**What you will do**
A verbatim copy of the data is wanted, minus any picture in it.

**Source data**
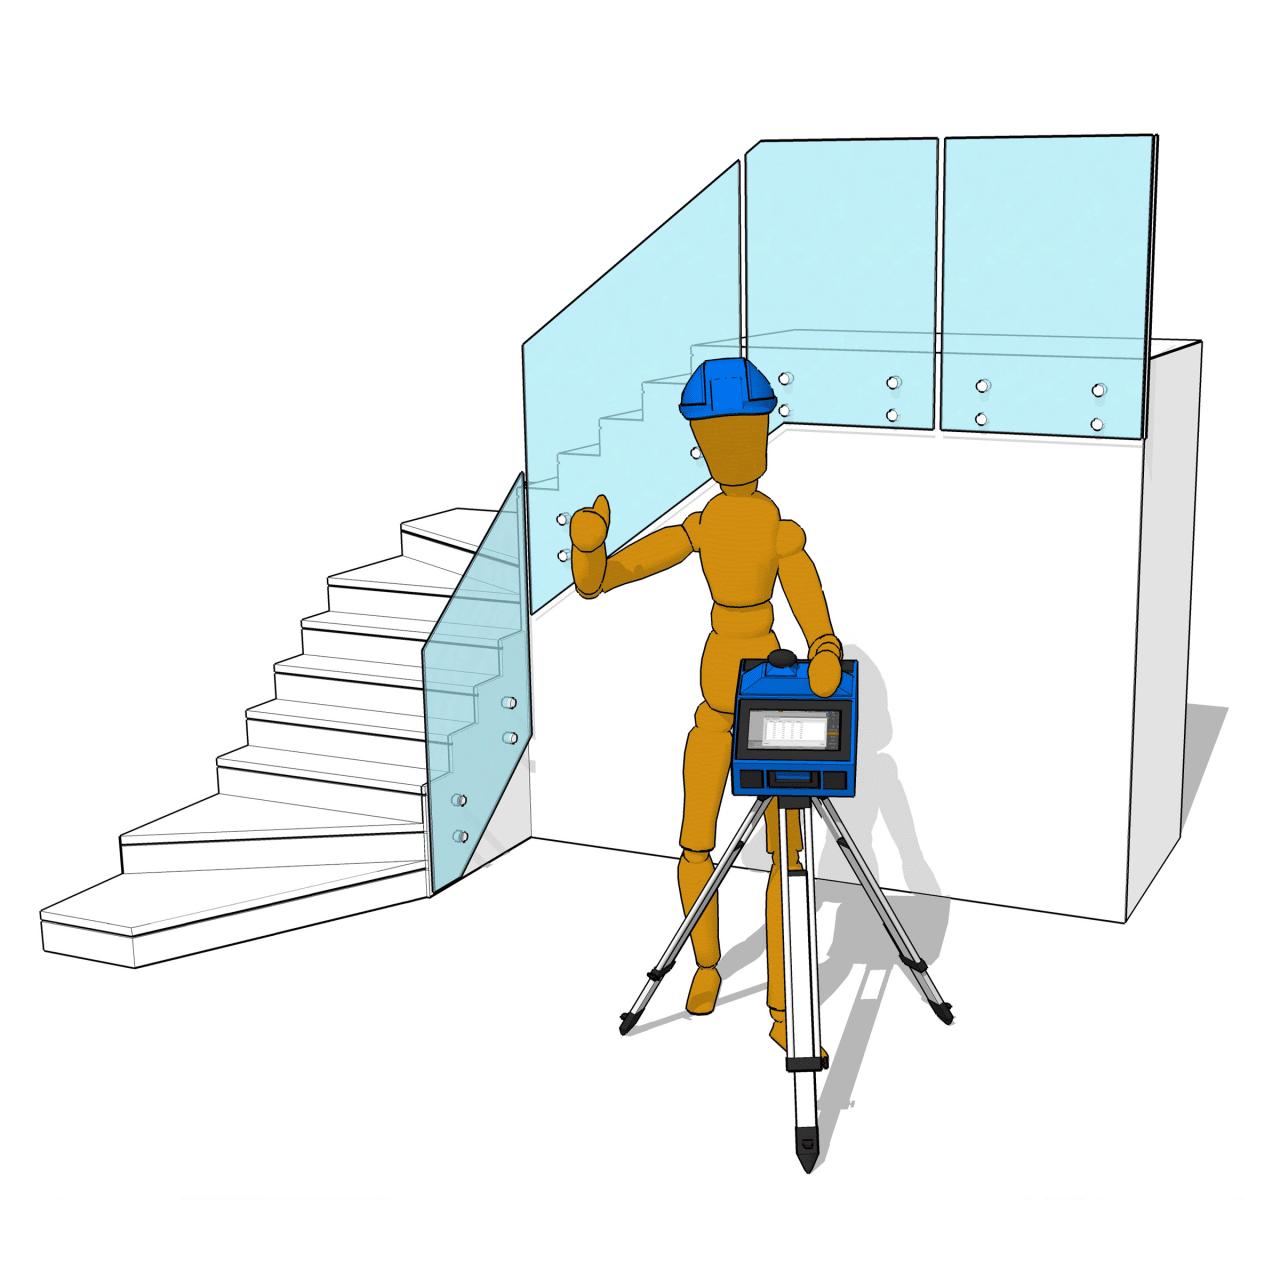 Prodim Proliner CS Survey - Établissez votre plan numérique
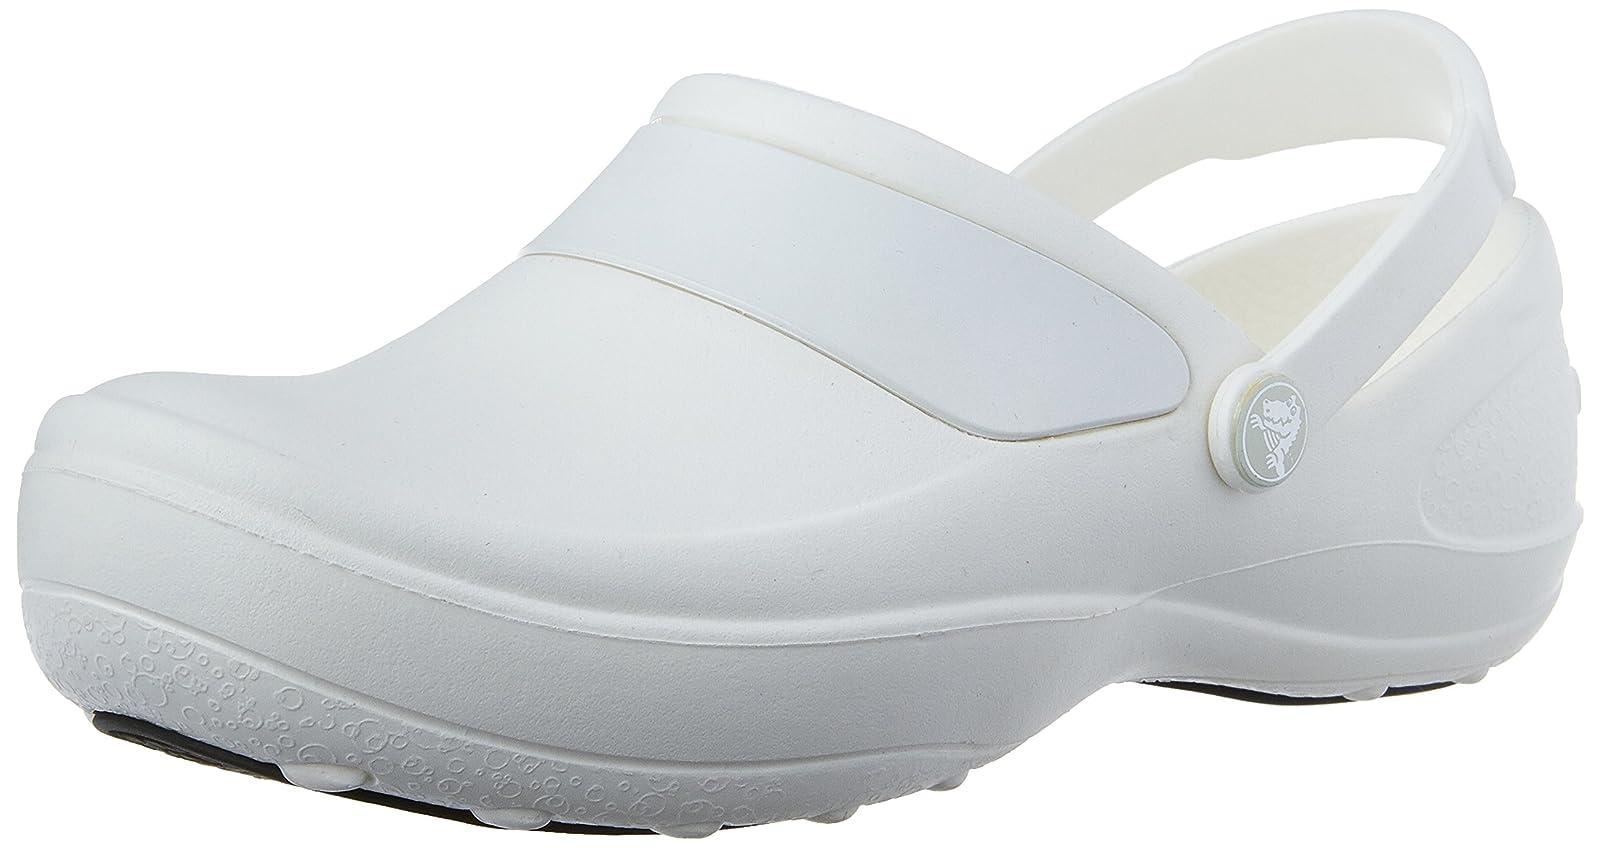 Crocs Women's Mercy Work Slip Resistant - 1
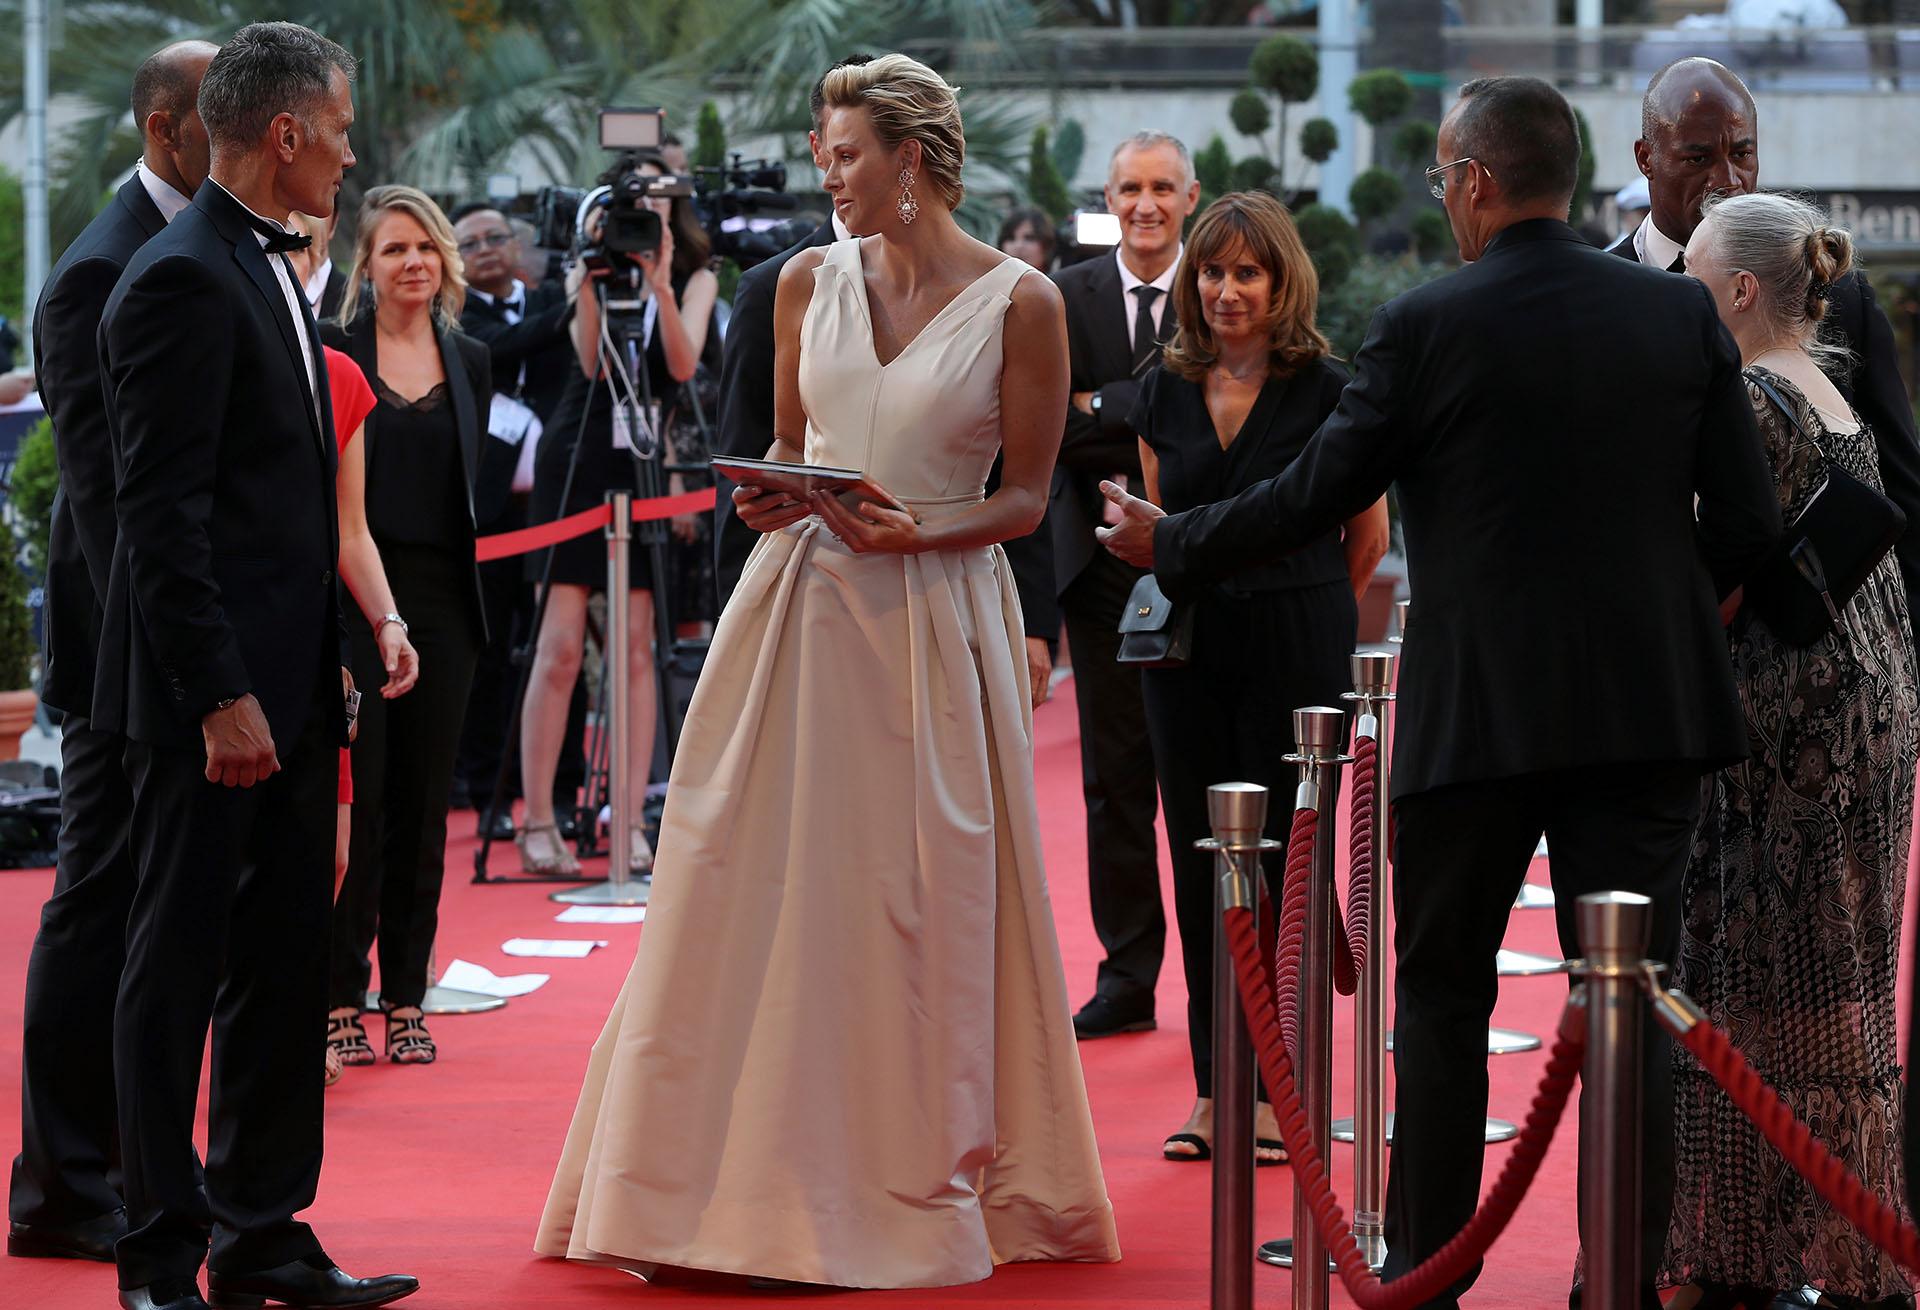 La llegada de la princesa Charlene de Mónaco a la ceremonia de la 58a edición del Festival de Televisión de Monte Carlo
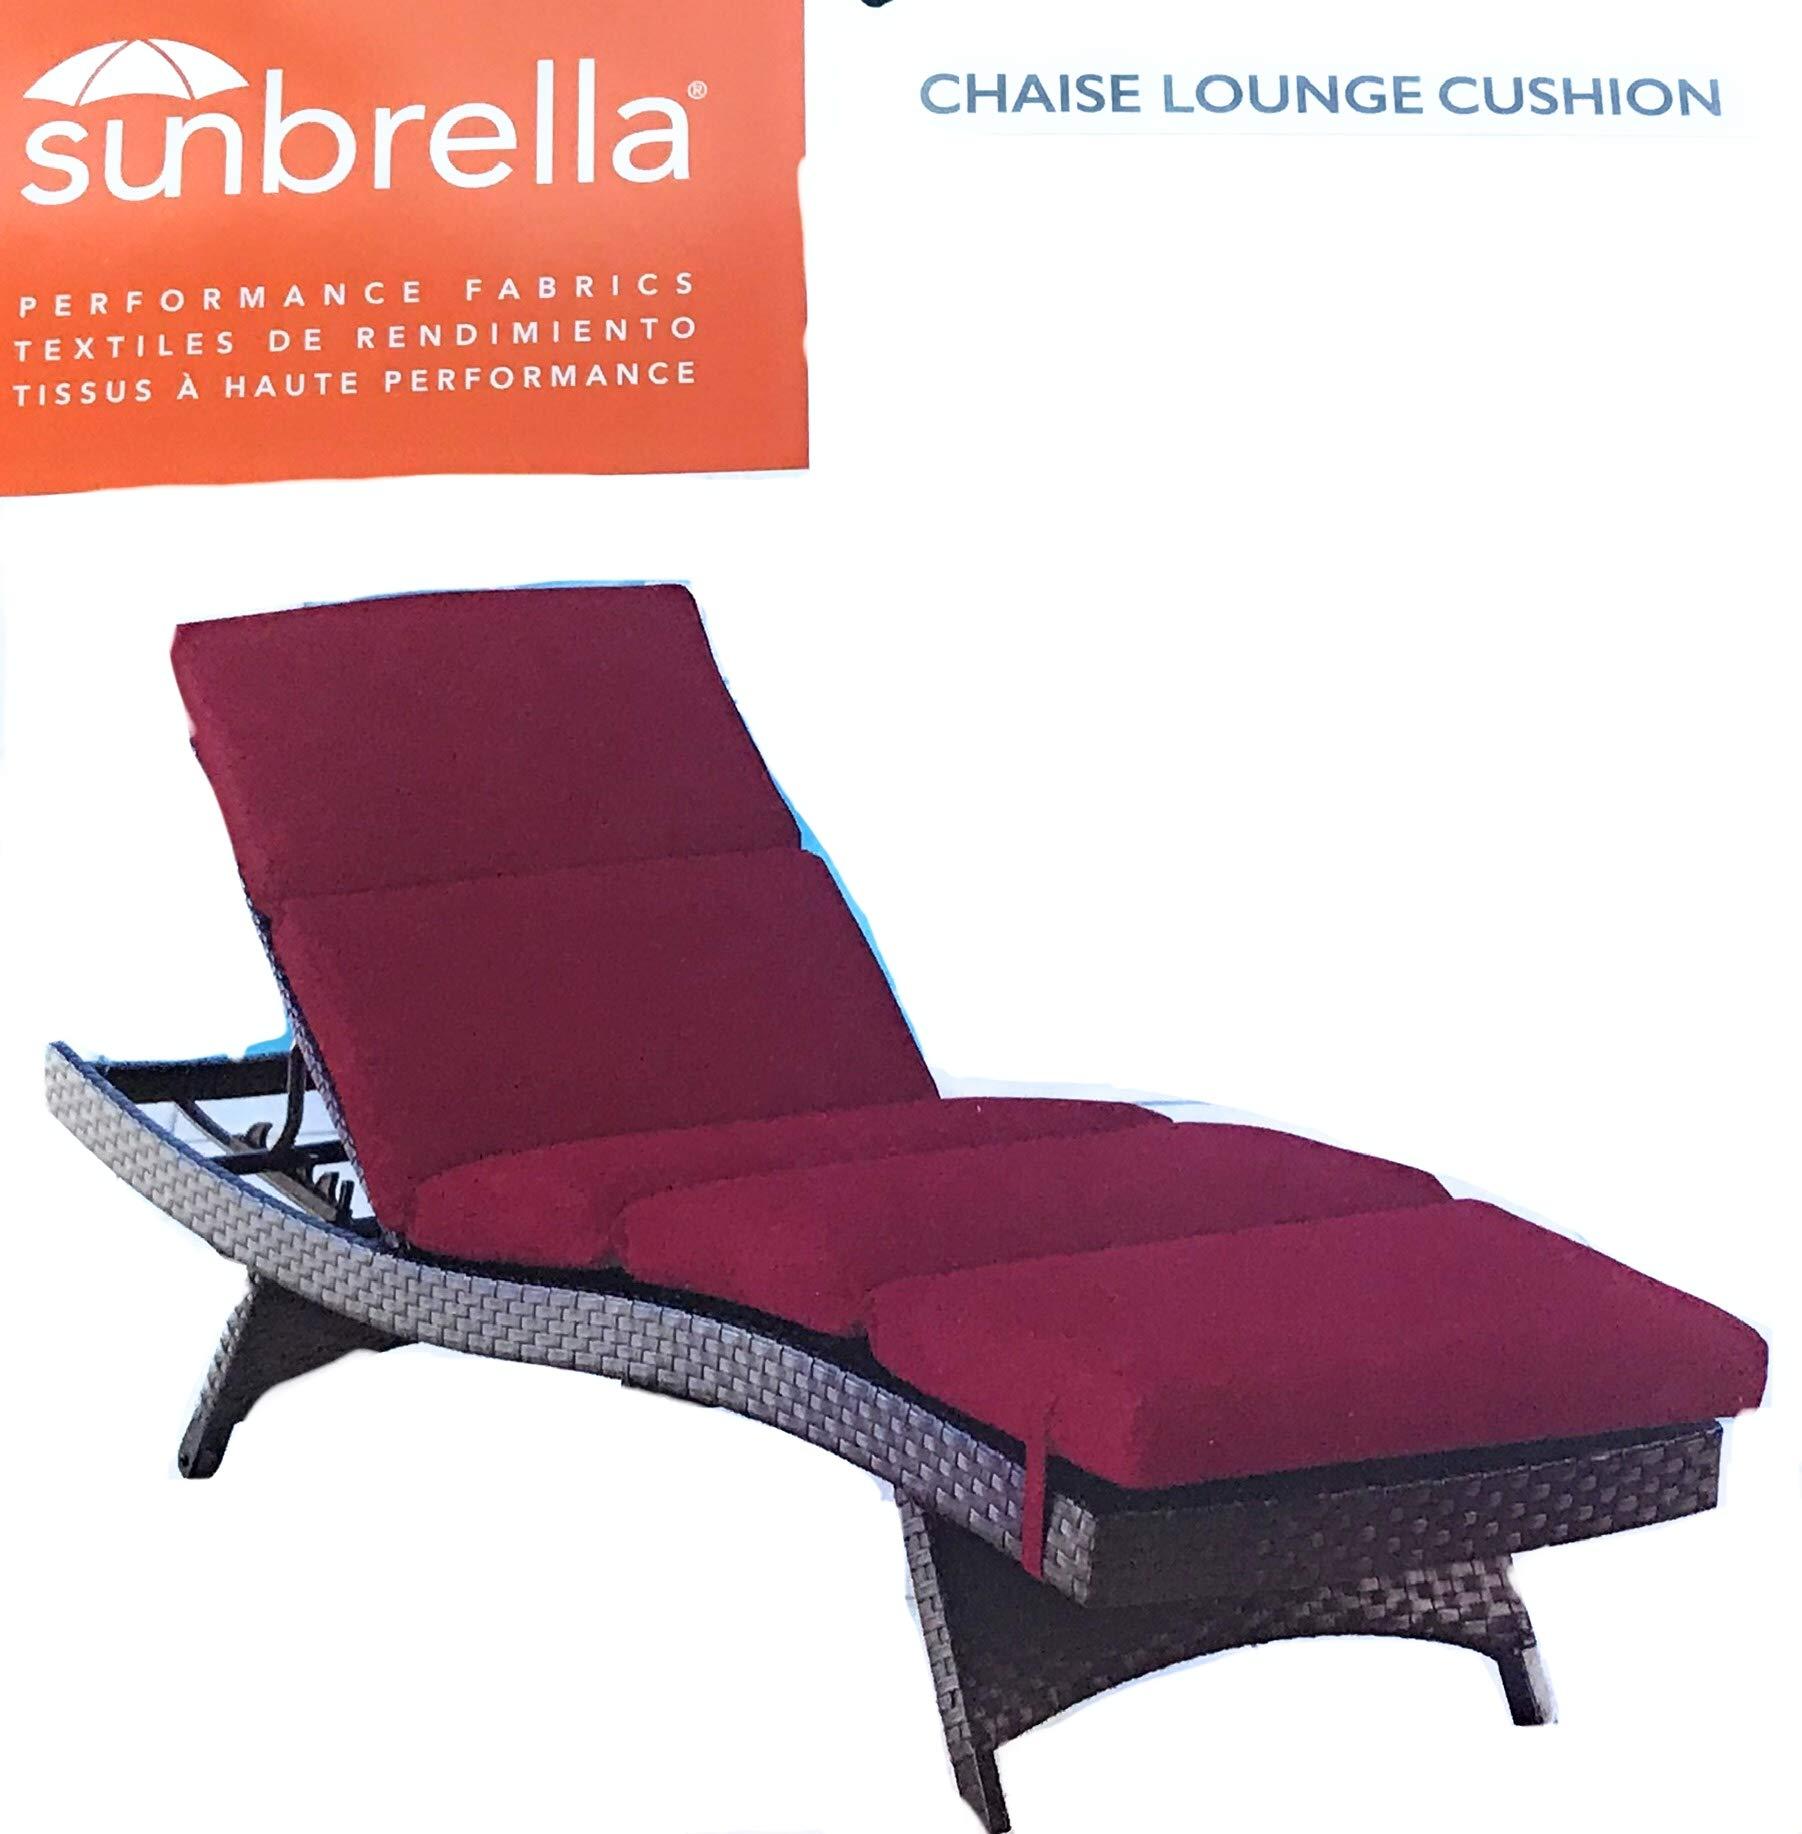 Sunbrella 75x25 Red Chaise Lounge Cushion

**Result for this task**
 Prodim Proliner CS Survey - Établissez votre plan numérique
 Crocs Women's Mercy Work Slip Resistant - 1
 La llegada de la princesa Charlene de Mónaco a la ceremonia de la 58a edición del Festival de Televisión de Monte Carlo
 Sunbrella 75x25 Red Chaise Lounge Cushion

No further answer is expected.